Extended Data Fig. 2: DEBIAS-M maintains its performance in log space and without observing the test set during training.

a, The progression of cross-batch similarity loss as a fitted online DEBIAS-M model adapts to samples from a previously unobserved study, by solely minimizing the cross-batch similarity loss. b, the predictive performance of the fitted online DEBIAS-M model throughout the adaptation iterations. Although not directly used during the adaptation itself, the auROC of the model’s prediction on the held-out test increases as the cross-batch similarity increases. c, Box and swarm plots (Box, IQR; line, median; whiskers, nearest point to 1.5*IQR) comparing the auROC of DEBIAS-M (fitted and evaluated using the strategy in Extended Data Fig. 1a) with ‘Online DEBIAS-M’ (fitted and evaluated using the strategy in Extended Data Fig. 1c) on each held-out study, for the benchmarks used in Fig. 2a–c. Online DEBIAS-M demonstrated equivalent predictive performance on held-out studies. p - two-sided Wilcoxon signed-rank test. See Supplementary Tables 1, 3, 4 for information on studies and sample sizes. d-g, Same as Fig. 2, but comparing log-additive DEBIAS-M to batch-correction methods on clr-transformed data.
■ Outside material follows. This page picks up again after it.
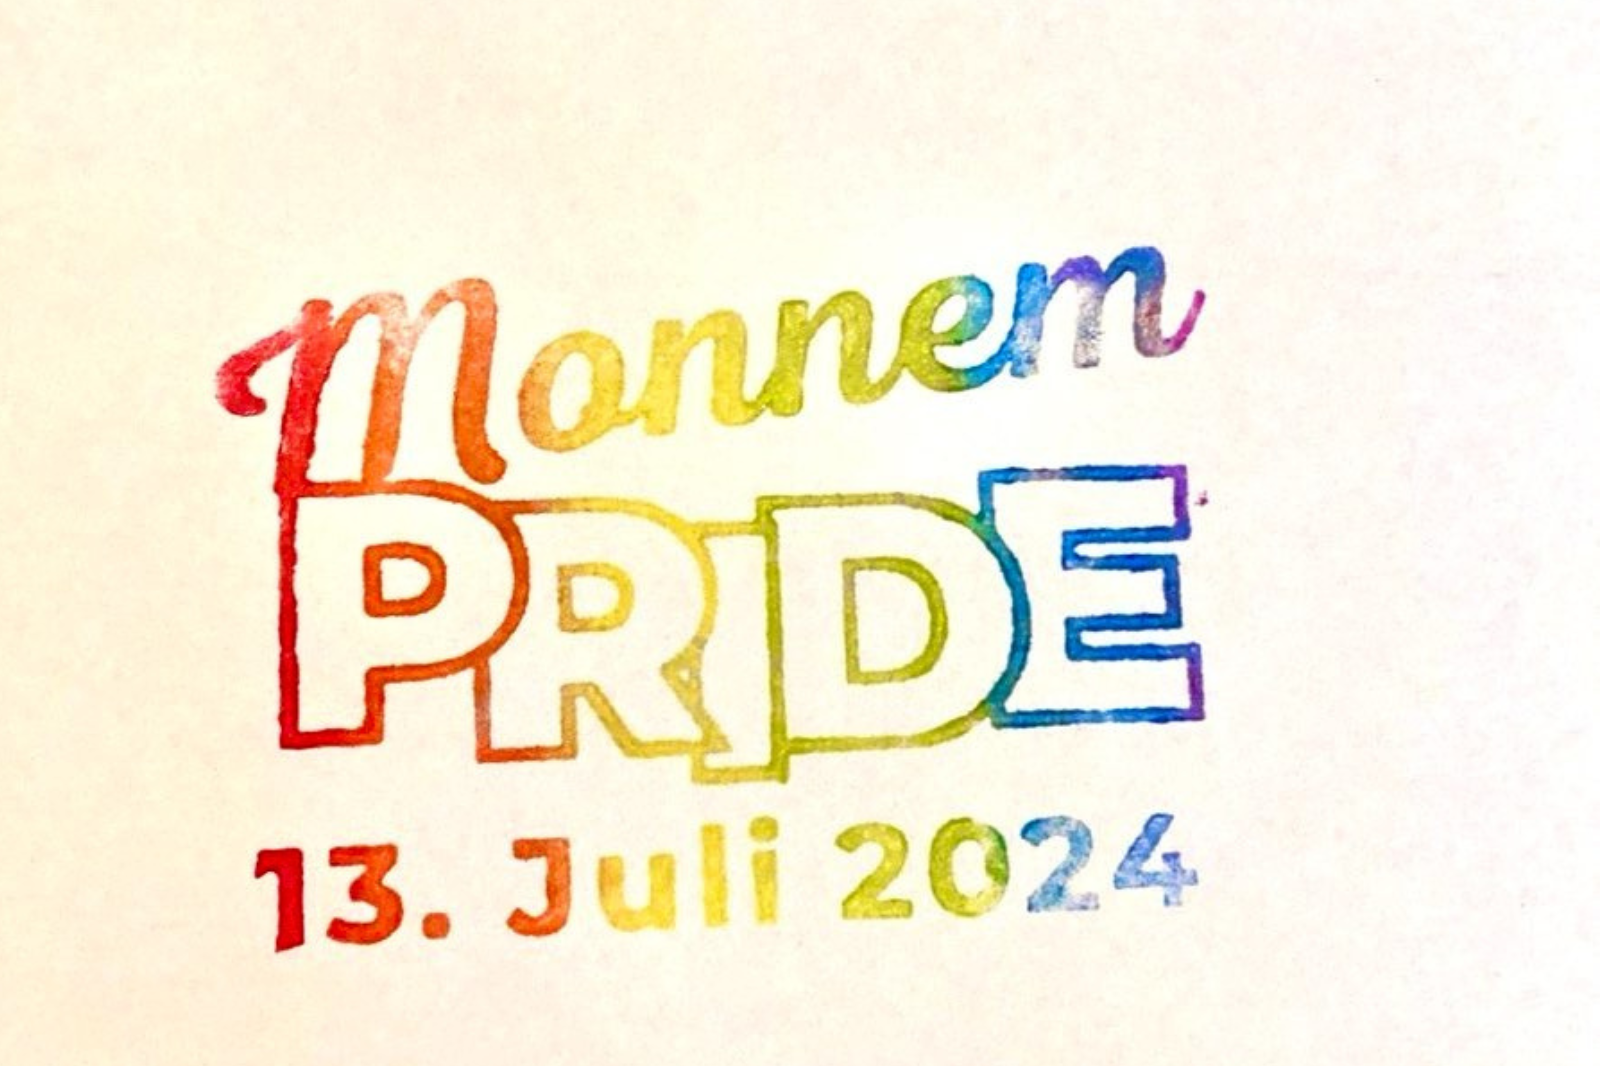 Auf dem Bild ist ein regenbogen-farbener Stempel zu sehen, auf dem "Monnem PRIDE 13. Juli 2024" steht. Der Hintergrund ist creme-farben.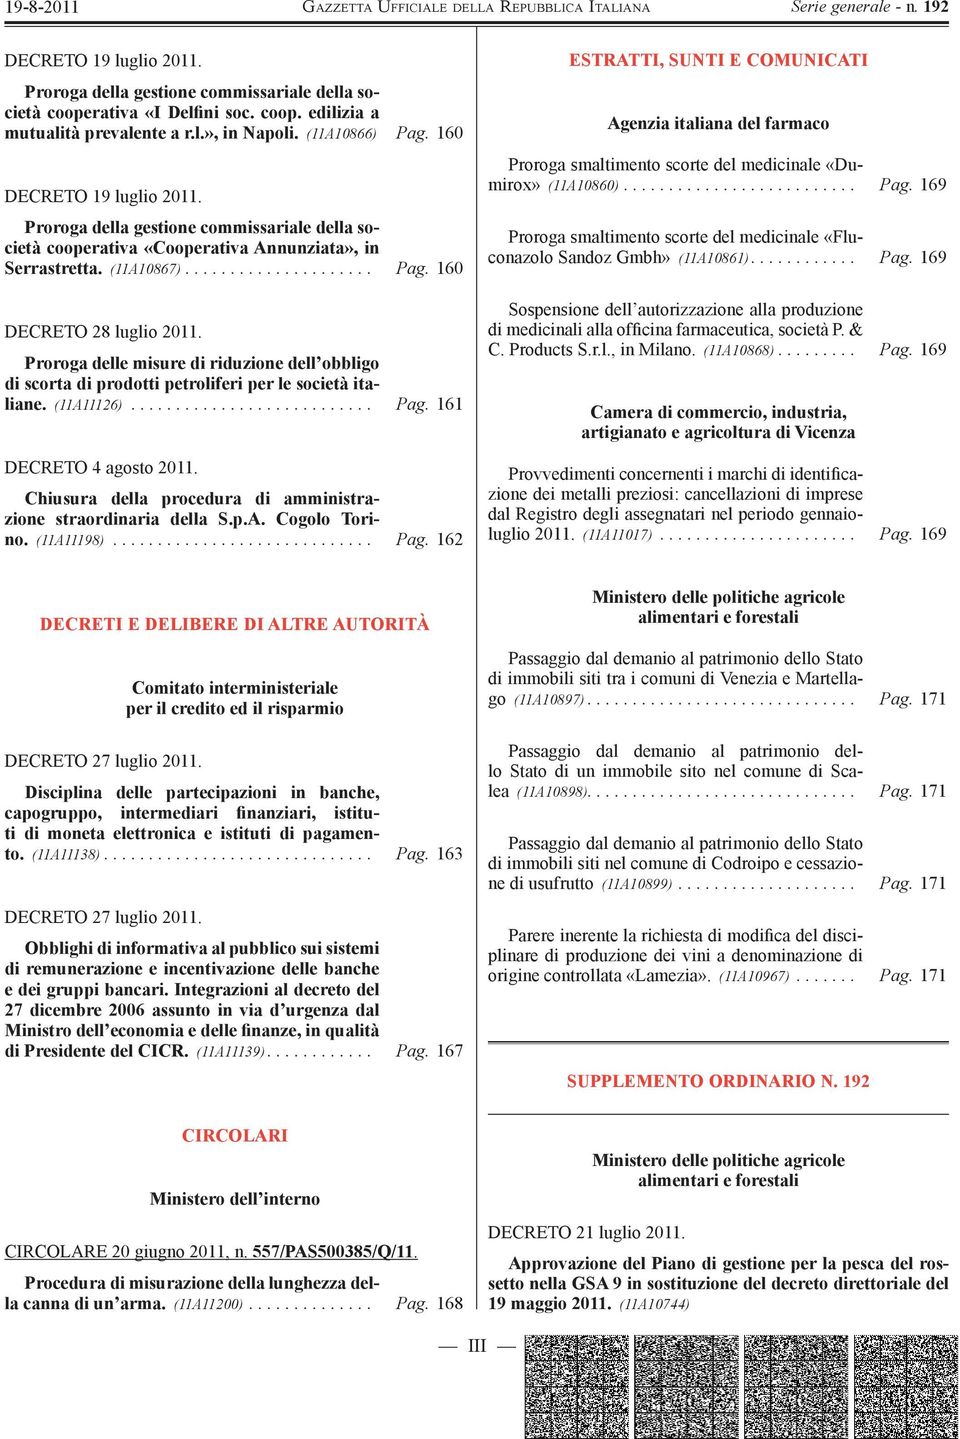 Proroga delle misure di riduzione dell obbligo di scorta di prodotti petroliferi per le società italiane. (11A11126)........................... Pag. 161 DECRETO 4 agosto 2011.

Most methods operate only in relative abundance or count space, and we therefore transformed their outcome with centered log transformation. For a fair comparison, we also clr-transformed the output of regular DEBIAS-M (denoted ‘CLR(DEBIAS-M)’) PLSDA-batch was run on clr-transformed abundances. Voom-SNM is not included as it cannot operate on clr-transformed values and its output is not in non-negative relative abundance or count space. *, Fisher’s multiple comparison of one-sided DeLong tests p < 0.01 vs. DEBIAS-M. See Supplementary Table 7 for exact p values.